Instructions to follow
Set down, character for character, everything in the records below from the line holding "2019 nouveau Kit" down to the line holding "Berlin, Plenarsitzung im", and no other line.

━━ Material supplied ━━

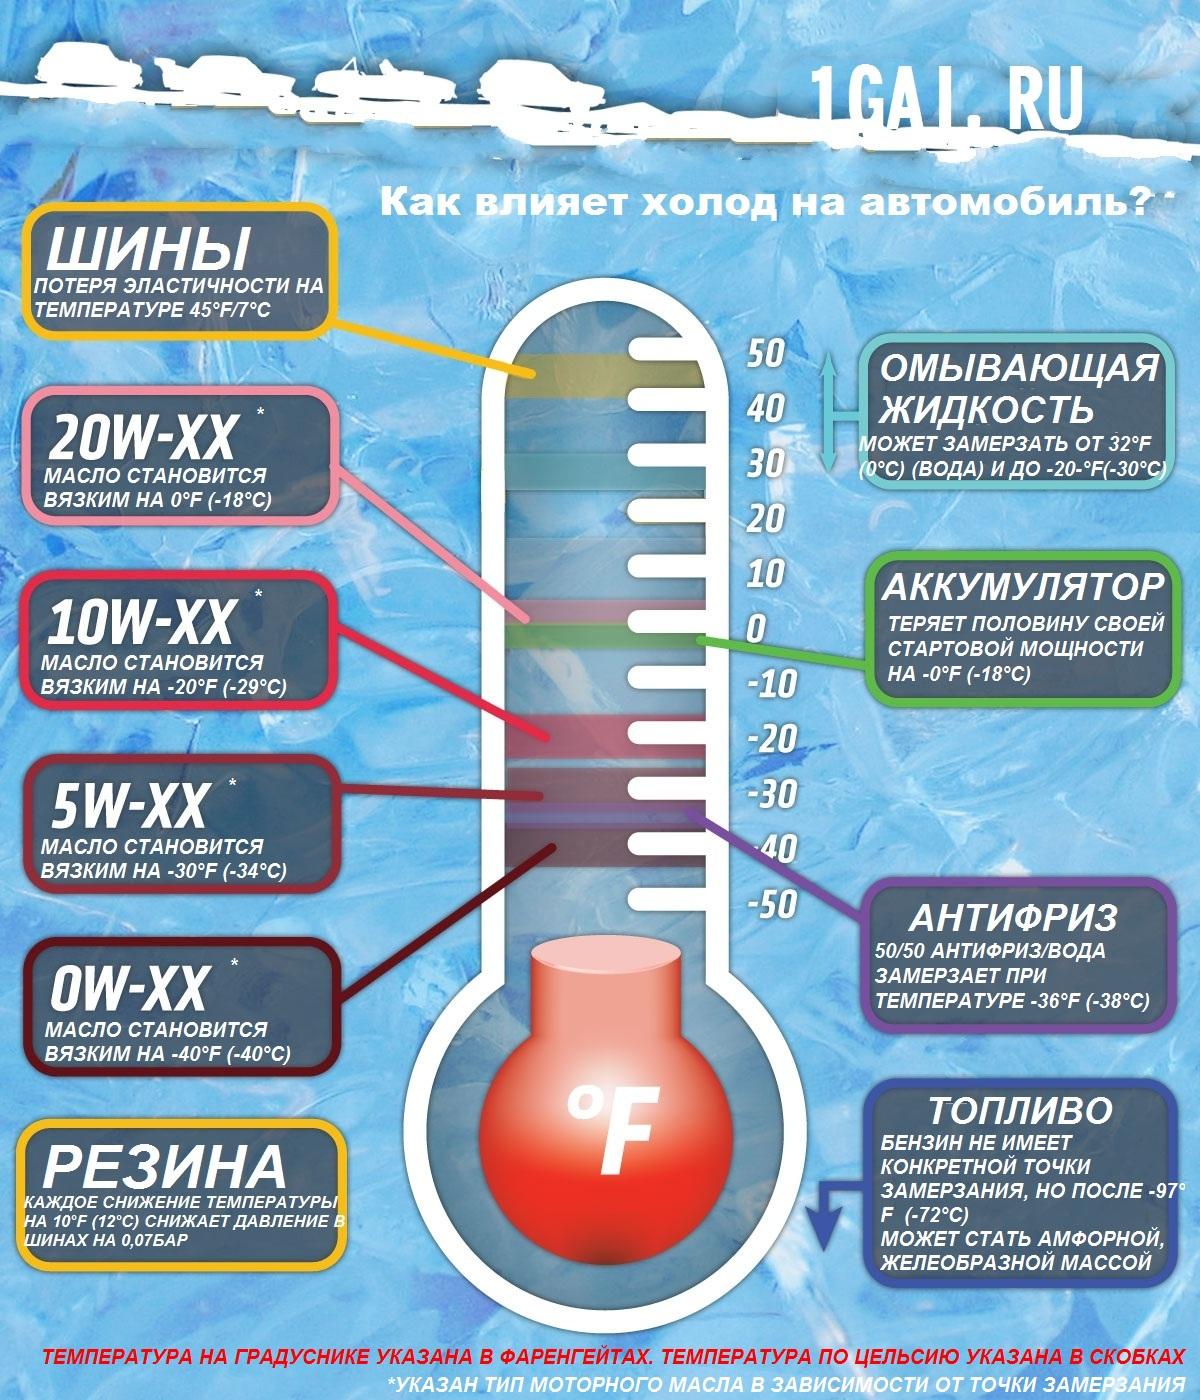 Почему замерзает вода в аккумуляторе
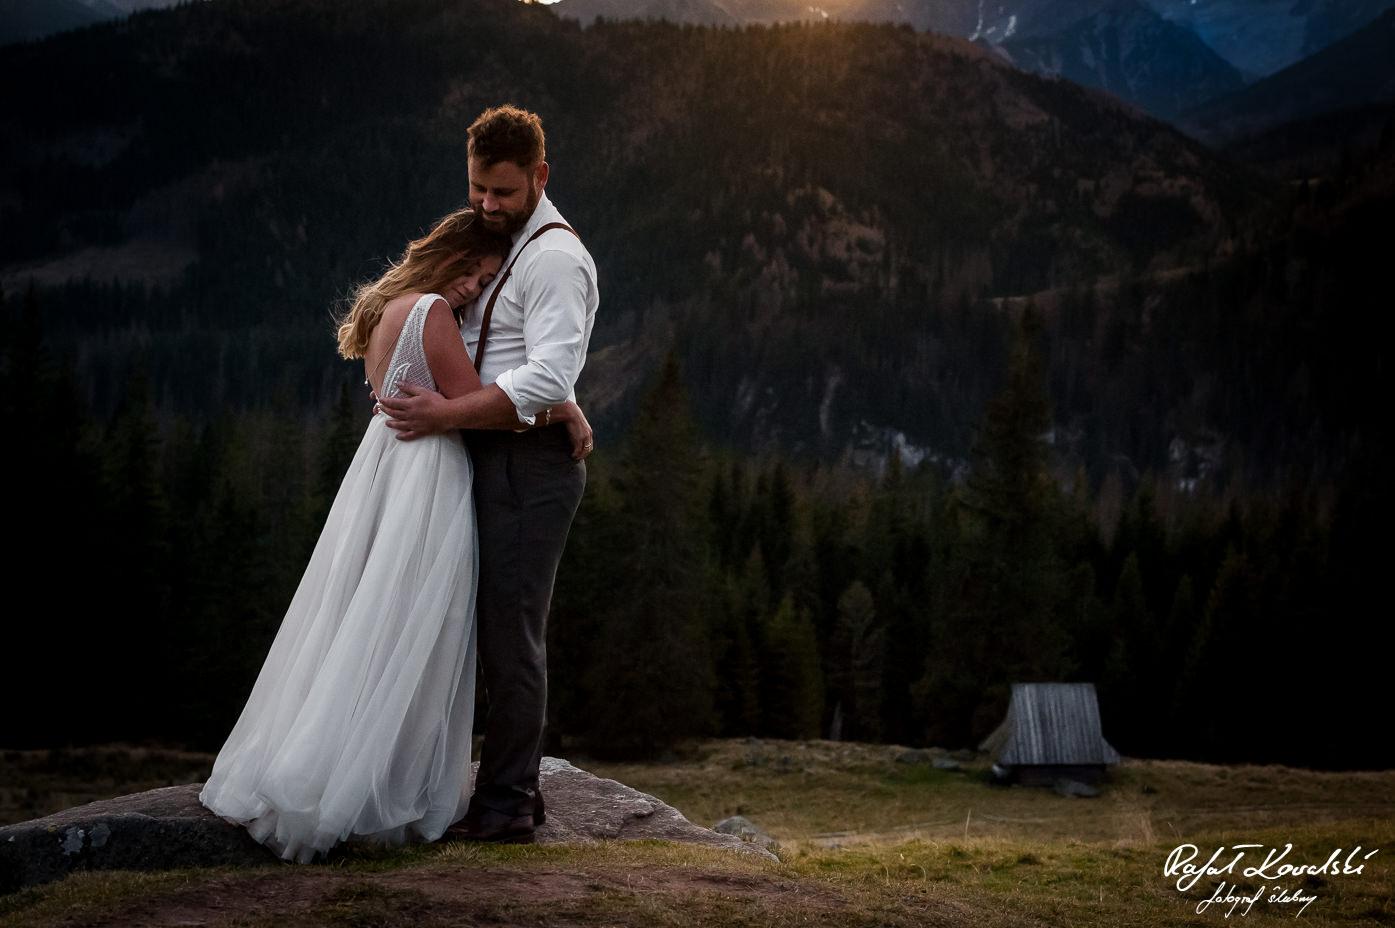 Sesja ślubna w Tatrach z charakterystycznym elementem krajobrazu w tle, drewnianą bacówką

━━━
━━ Material supplied ━━

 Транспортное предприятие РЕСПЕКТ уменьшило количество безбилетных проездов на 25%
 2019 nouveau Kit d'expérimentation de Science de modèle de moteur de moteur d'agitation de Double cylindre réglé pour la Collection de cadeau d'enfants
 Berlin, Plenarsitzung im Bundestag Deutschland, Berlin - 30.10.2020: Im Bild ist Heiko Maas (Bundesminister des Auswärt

━━━
━━ Material supplied ━━

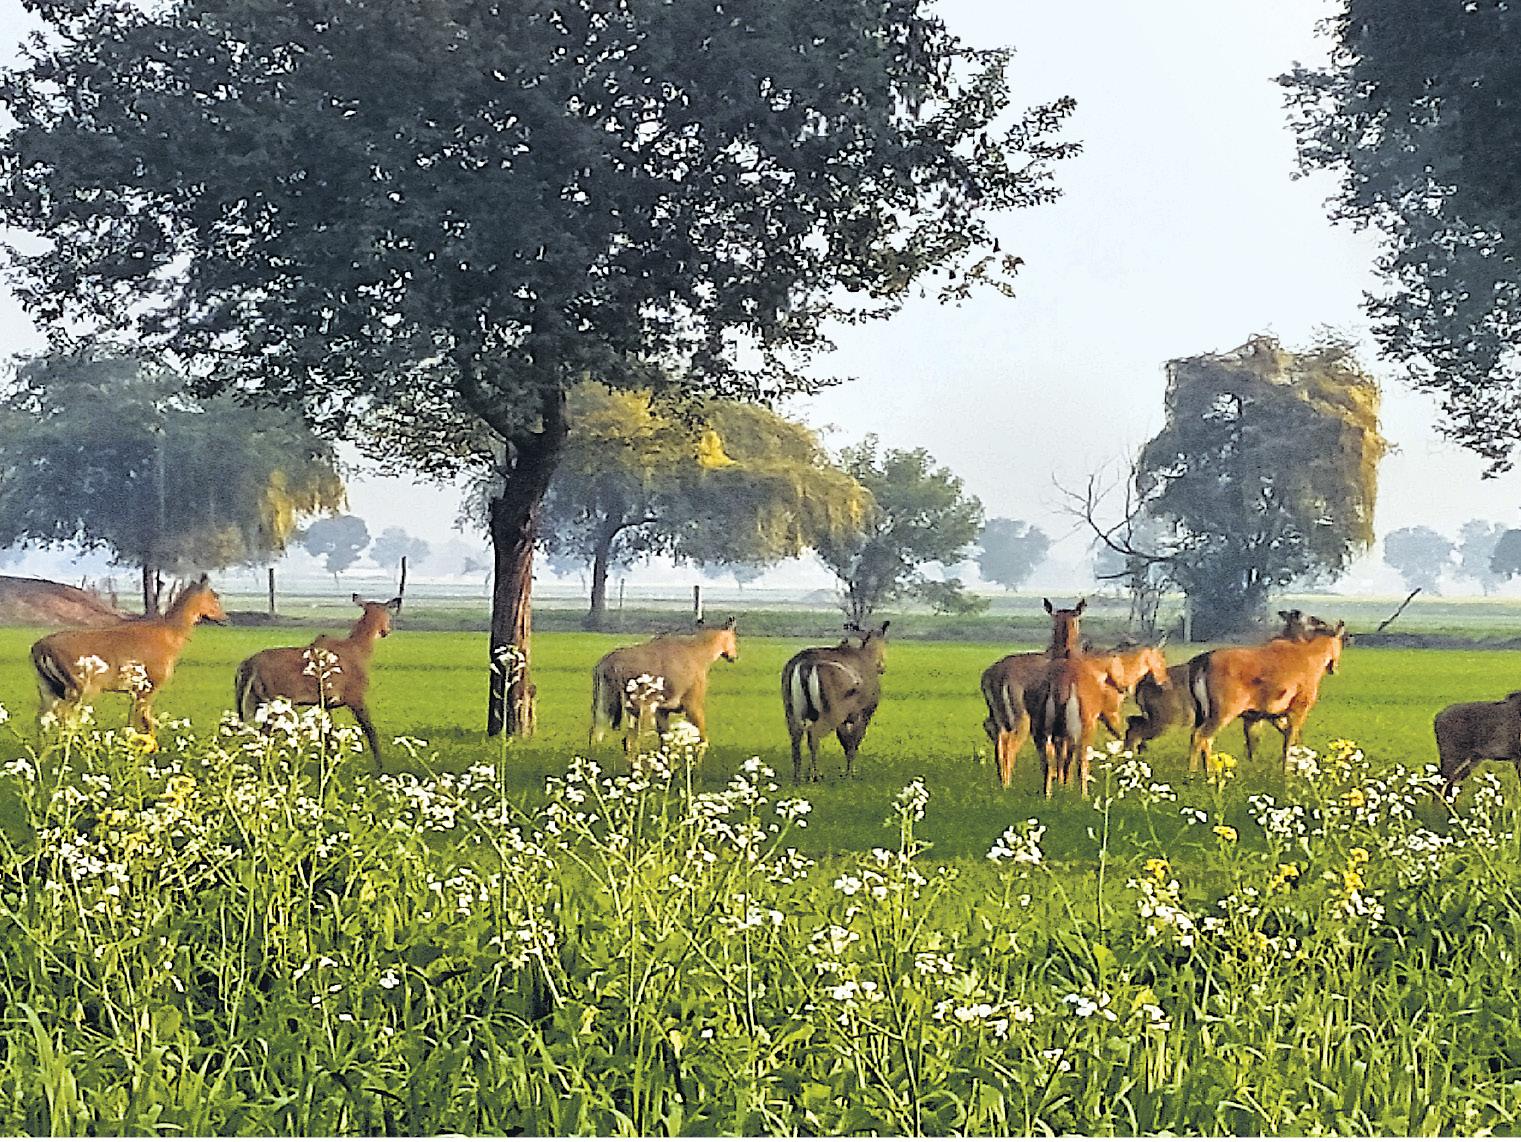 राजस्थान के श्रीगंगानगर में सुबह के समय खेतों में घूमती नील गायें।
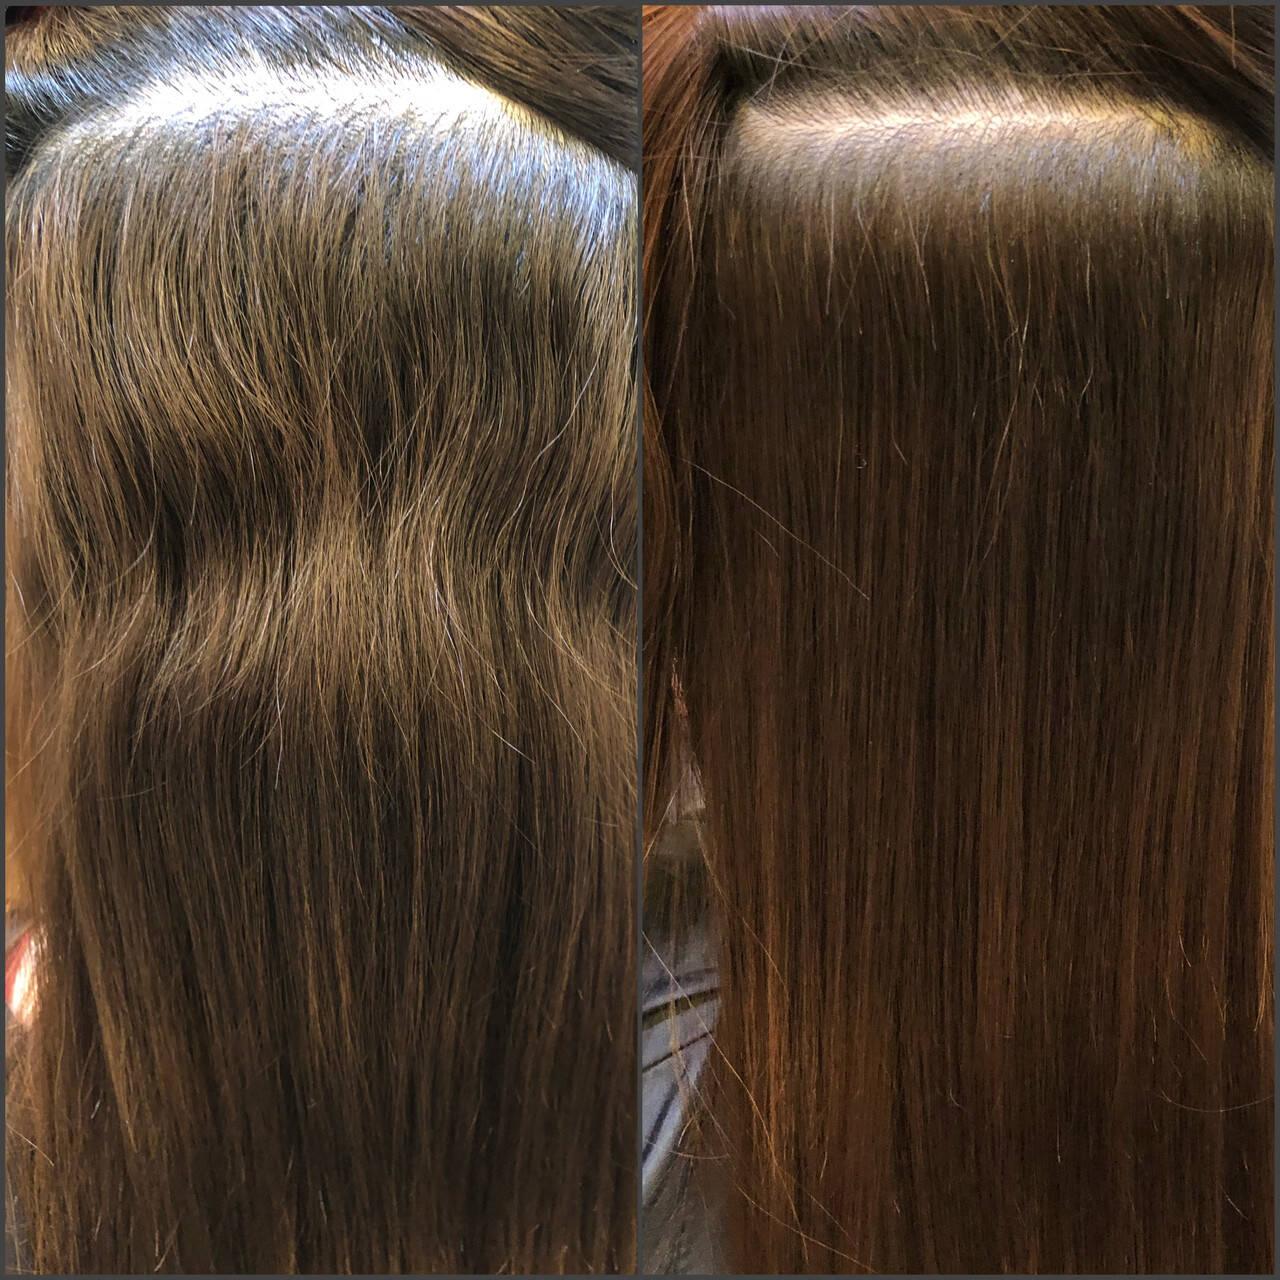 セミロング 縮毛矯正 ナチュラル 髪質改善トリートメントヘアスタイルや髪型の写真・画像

━━━

Final answer
 2019 nouveau Kit d'expérimentation de Science de modèle de moteur de moteur d'agitation de Double cylindre réglé pour la Collection de cadeau d'enfants
 Berlin, Plenarsitzung im Bundestag Deutschland, Berlin - 30.10.2020: Im Bild ist Heiko Maas (Bundesminister des Auswärt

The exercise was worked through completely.